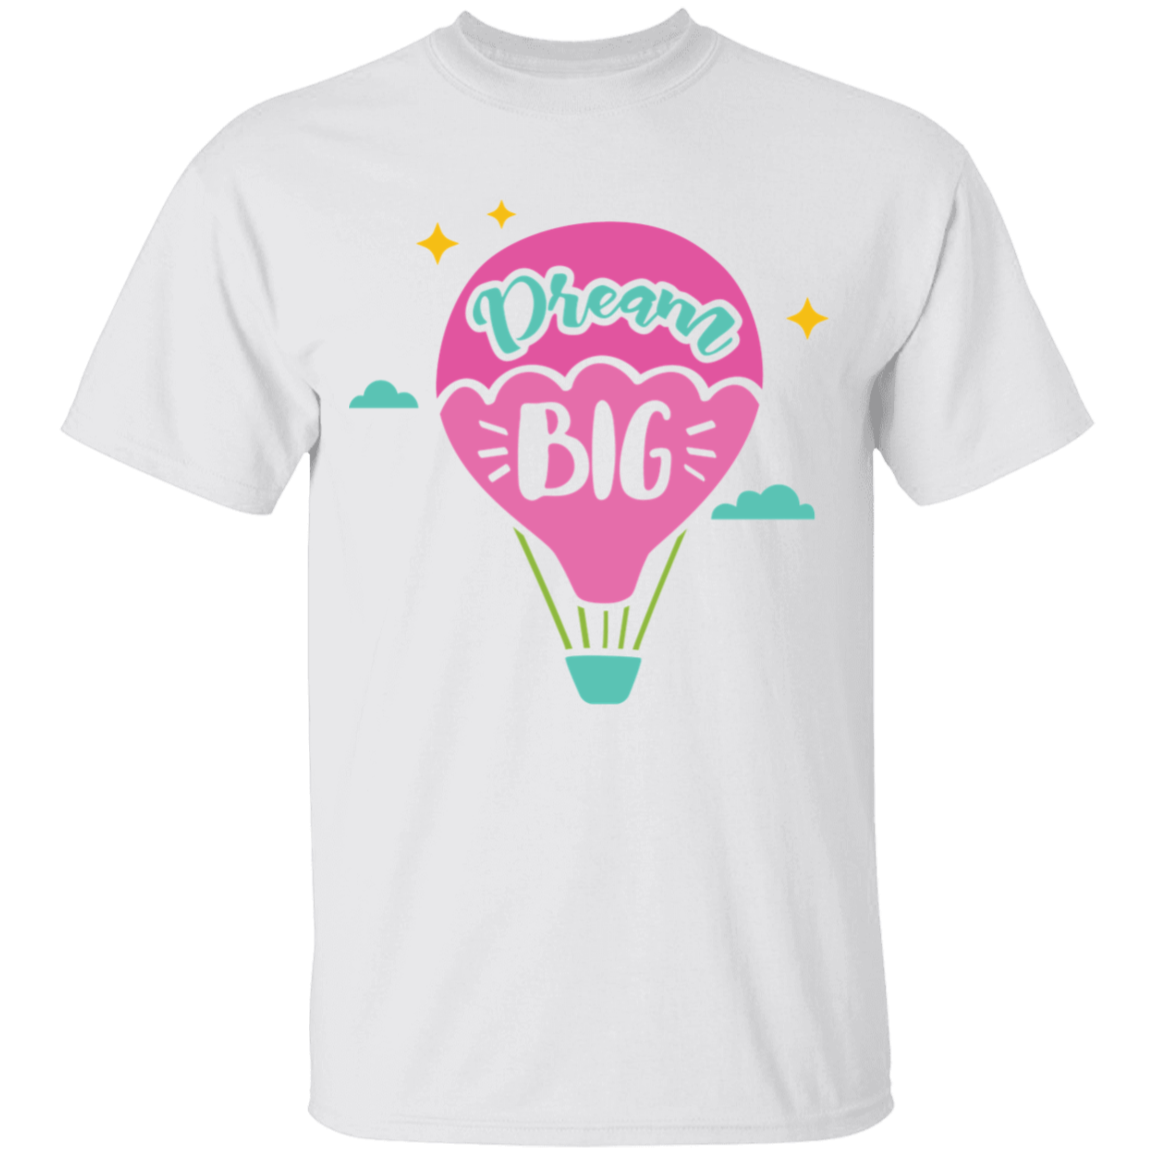 Dream Big Youth Cotton T-Shirt
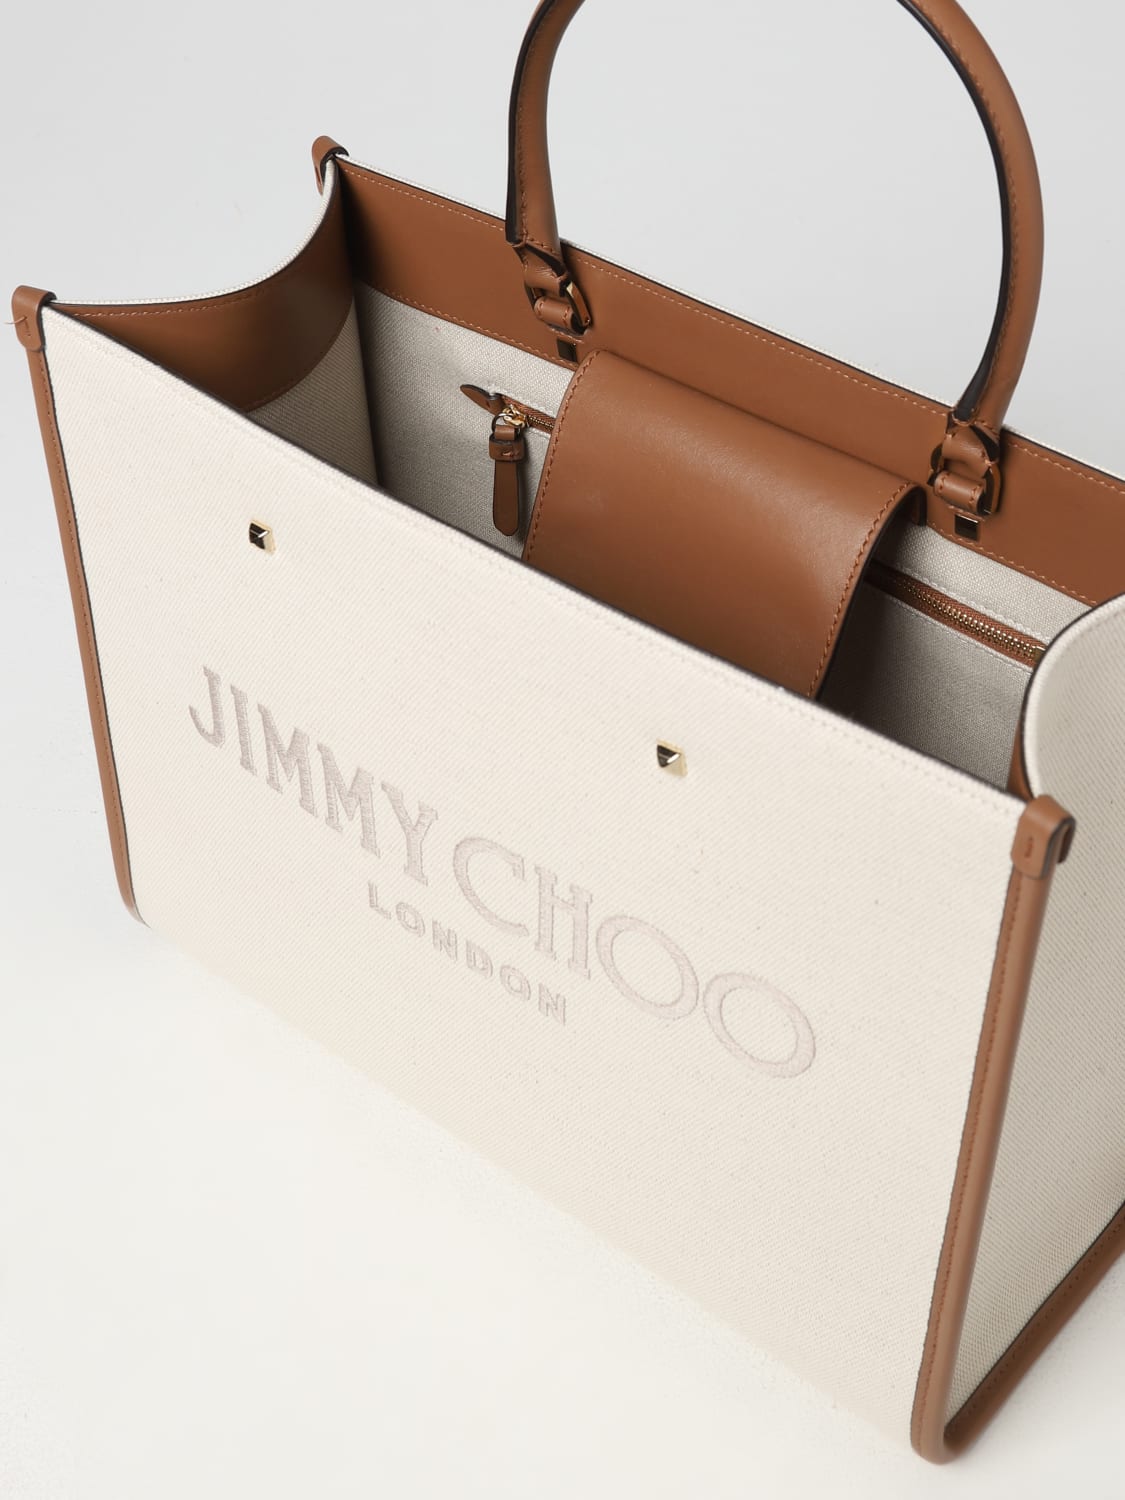 Jimmy Choo Mini Leather Avenue Shoulder Bag - Silver - One Size
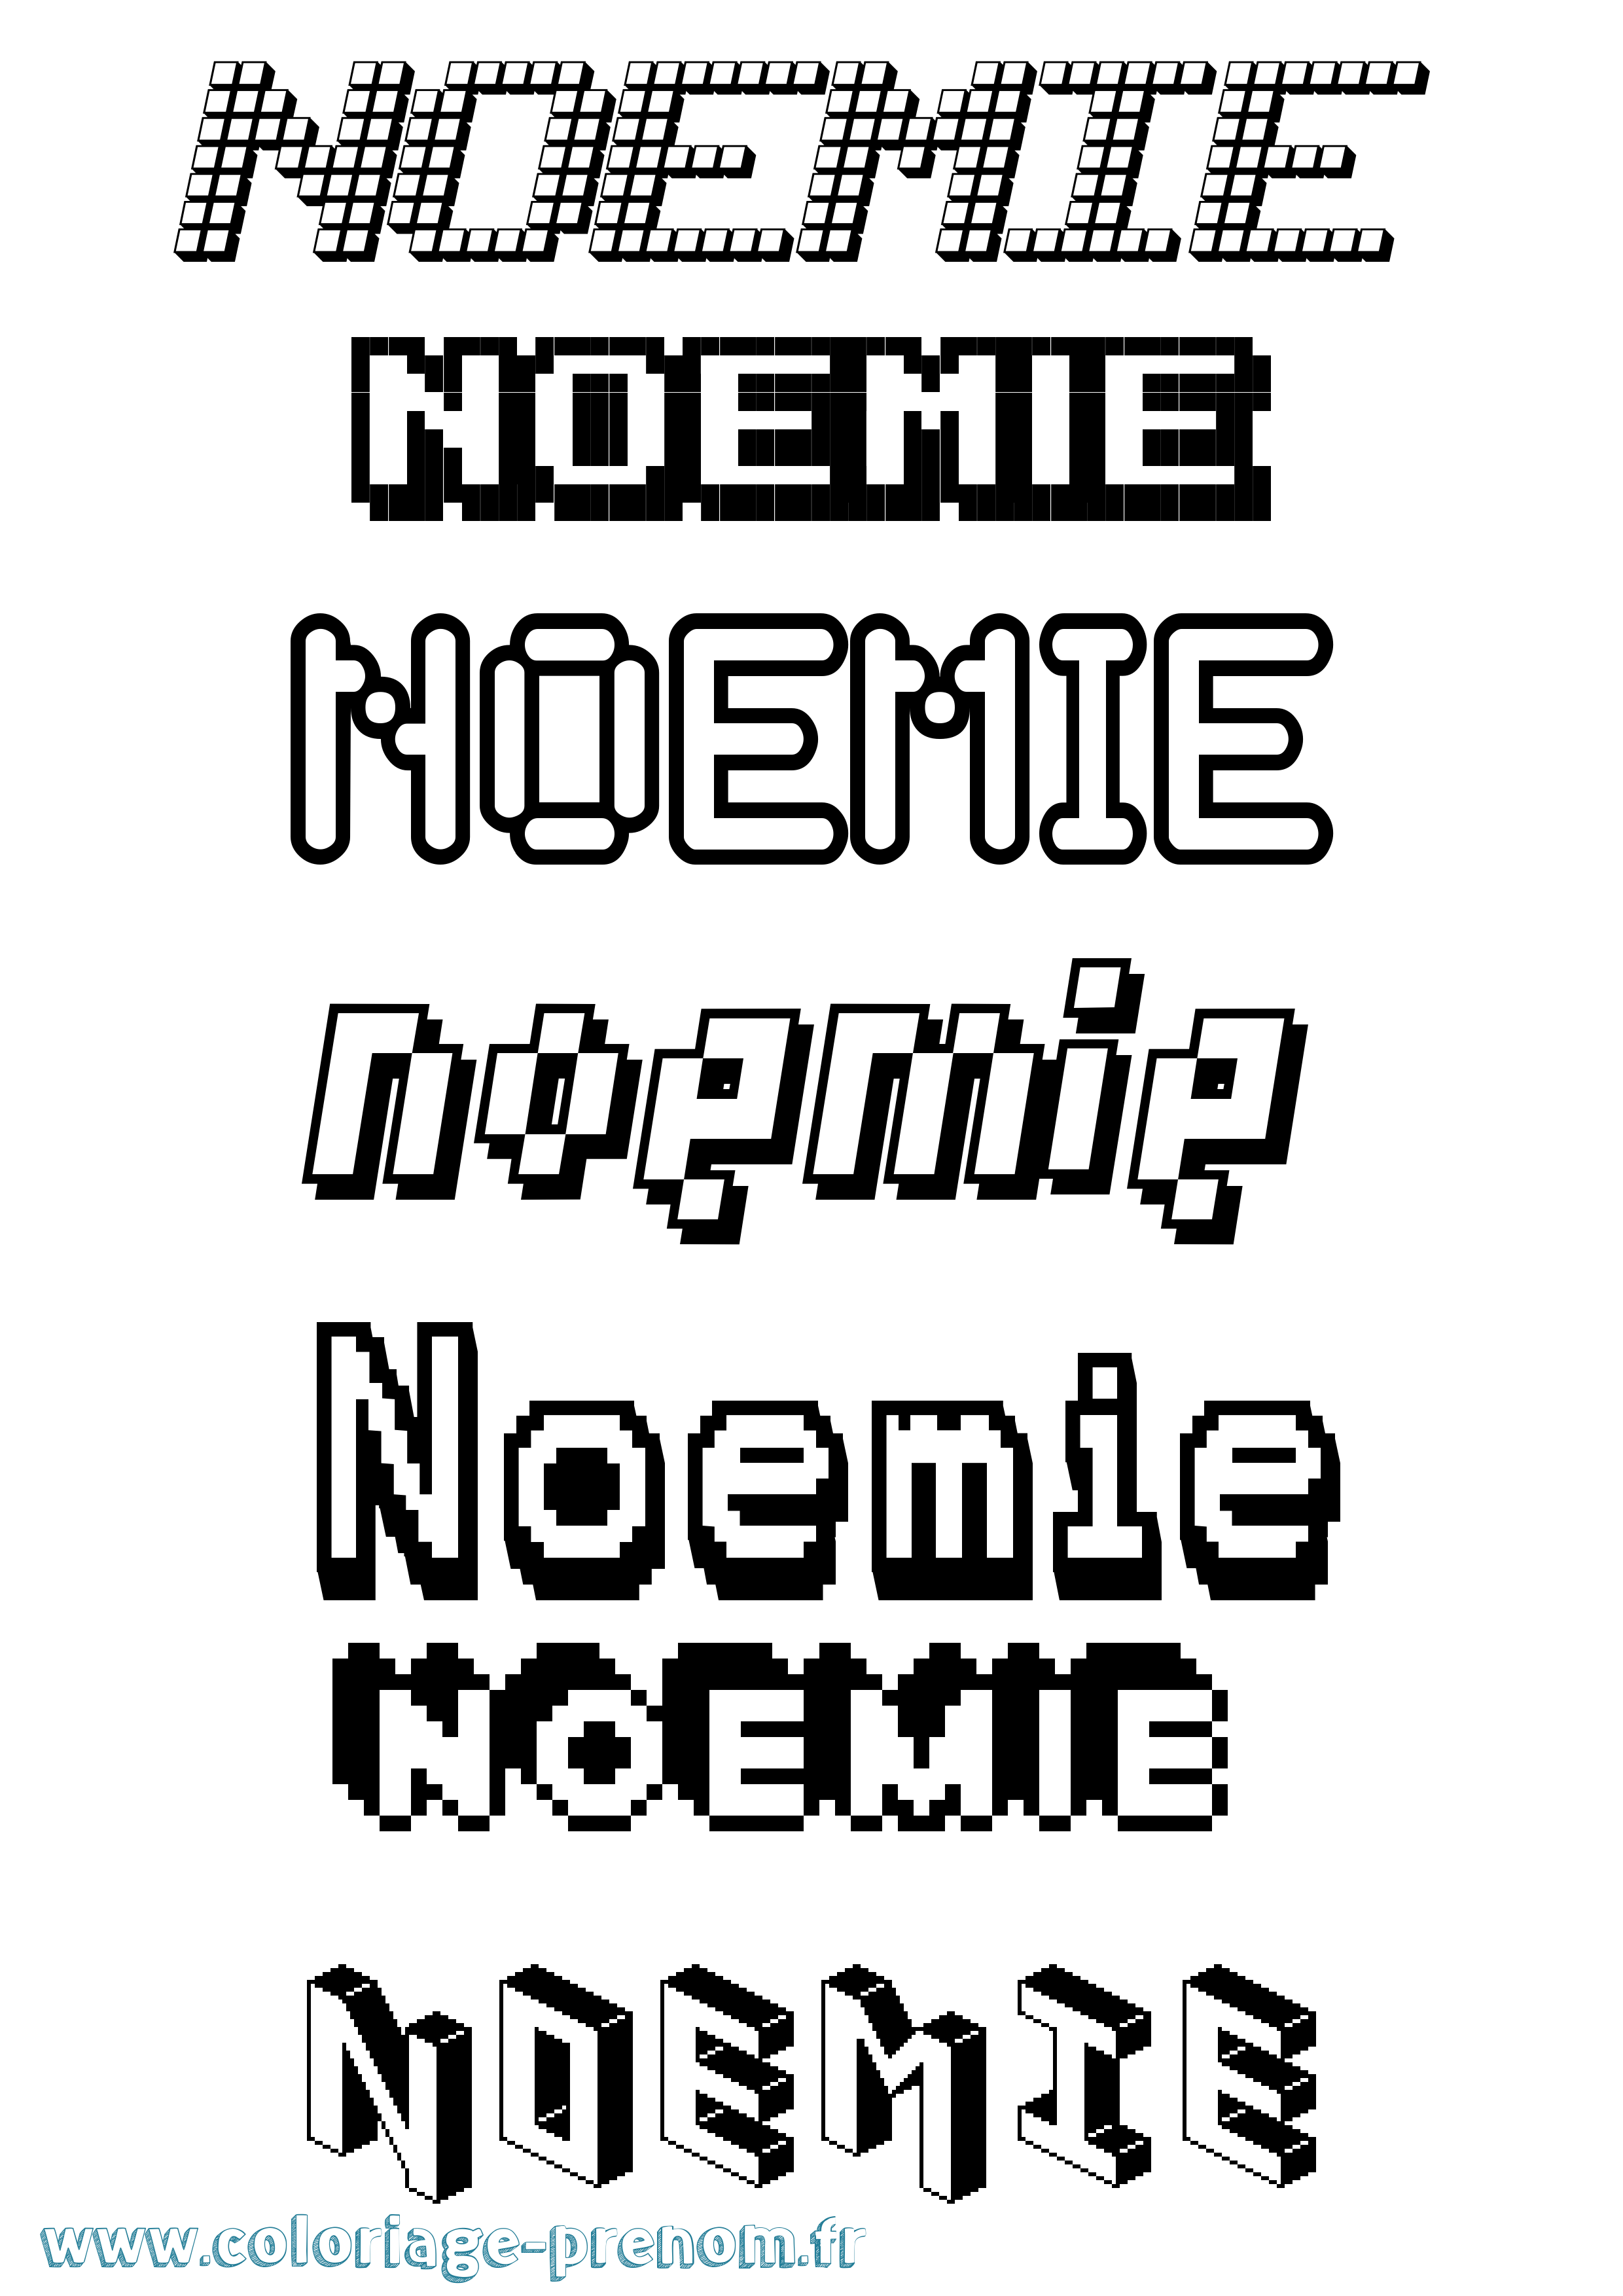 Coloriage prénom Noemie Pixel

> **INSTRUCTIONS TO FOLLOW**: Write out exactly, with no pictures, each line from the one containing "Jimmy Choo Mini" through the last line of the listing above, both included.

> **SOLUTION**:
 Jimmy Choo Mini Leather Avenue Shoulder Bag - Silver - One Size
 Coloriage prénom Noemie Pixel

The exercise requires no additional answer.